Last week was a watershed for the greater European Union, as well as the common currency, as Britain resoundingly voted to leave the single market. It was always forecast to be a strongly volatile week for the pair but the risk of an actual exit had largely been underestimated and not priced in by the market. Subsequently, the Eurodollar fell sharply throughout Friday’s session to close around 1.1082, as the count progressed and it became patently clear that the leave campaign was to be successful.

Moving forward, the week is likely to be highly volatile as the next steps towards activating an Article 50 exit for the UK appear relatively unclear. However, the European Union is pushing the UK to start the exit proceedings in an attempt to regain some certainty for the near term. Currently, the UK Prime Minister is relatively resistant to that direction and has suggested that he is unwilling to invoke the procedures and will subsequently leave that to Britain’s next leader, due in October. It is therefore expected that we will see plenty of volatility in the week ahead given the relative uncertainty around the UK government’s direction.

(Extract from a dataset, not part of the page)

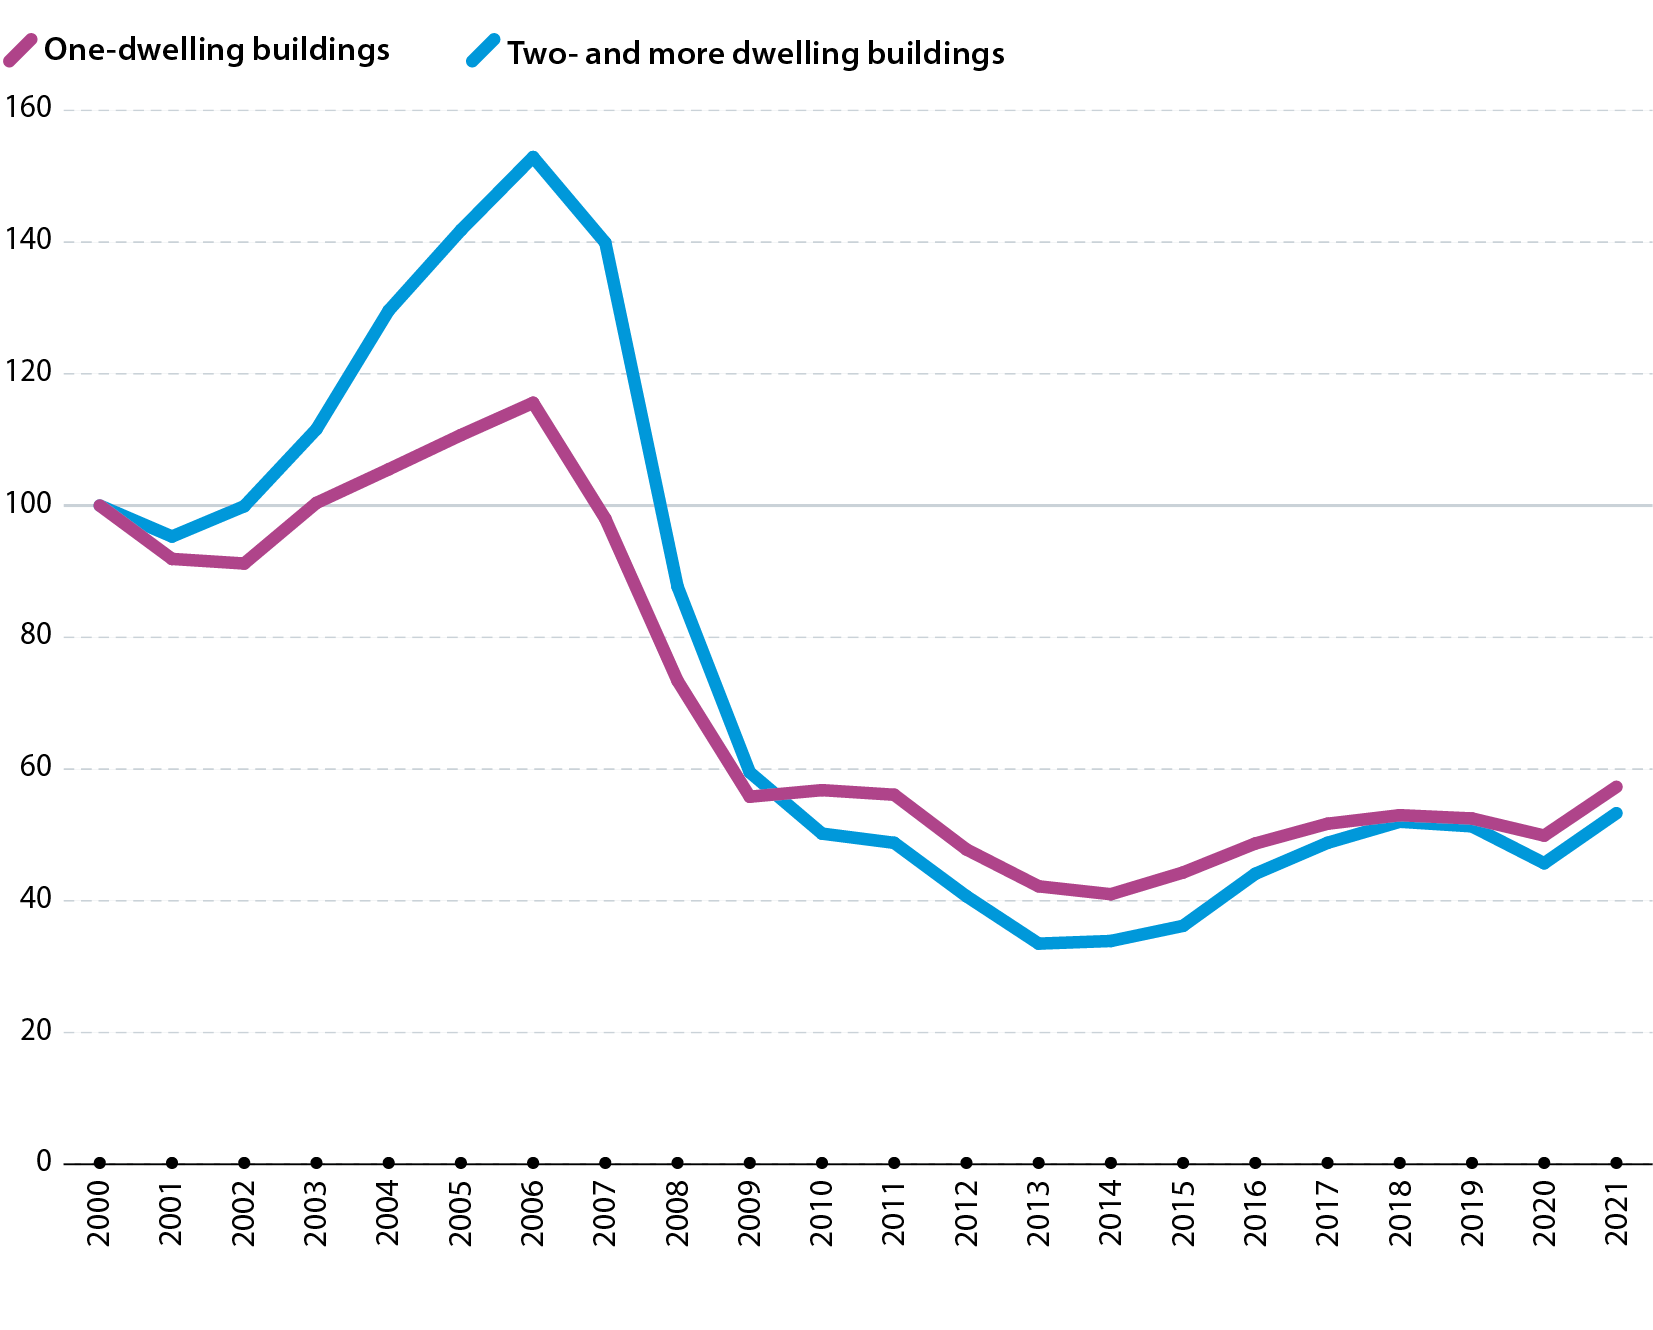 Building permit index. Data for the EU. Annual data for 2000 to 2021. One-dwelling buildings and two- and more dwelling buildings. Line graph. In 2021, the building permit index in the EU was 57% higher than it had been in 2000 for one-dwelling buildings and 53% higher for two- and more dwelling buildings.

However, muddying the waters is the latest rating debacle for the UK with all of the major agencies downgrading the United Kingdom’s rating from AAA to AA whilst warning that further cuts could occur in the near future. This could cause some difficulty for the UK given that the impact upon the cost of their access to debt markets is likely to increase in-line with the lower rating. This also coincides with a sharp downgrade to the UK’s GDP forecast which is likely to be impacted by a concerted drop in foreign direct investment. Subsequently, the full extent of various downgrades is yet to be seen but it is unlikely to be positive for the Cable in the medium term.

From a technical perspective, the pair remains relatively bearish, with price action having declined sharply below the 100-day moving average and with the 12 and 30 period EMA’s trending lower. Although the pair managed to break through the key resistance around the 1.10 handle, the downside was relatively limited. Subsequently, our bias remains neutral for the week ahead, especially given the ongoing BREXIT turmoil. Support is currently in place for the pair at 1.0950, 1.0823, and 1.0807. Resistance exists on the upside at 1.1217, 1.1375, and 1.1463.

Ultimately, the Cable is likely to remain under the grips of volatility until the path forward for the UK has been settled. However, given that both Boris Johnson and David Cameron appear to be in no rush to push the Article 50 button, we could see some sharp moves for some time yet unless a third party steps in to fill the current leadership vacuum.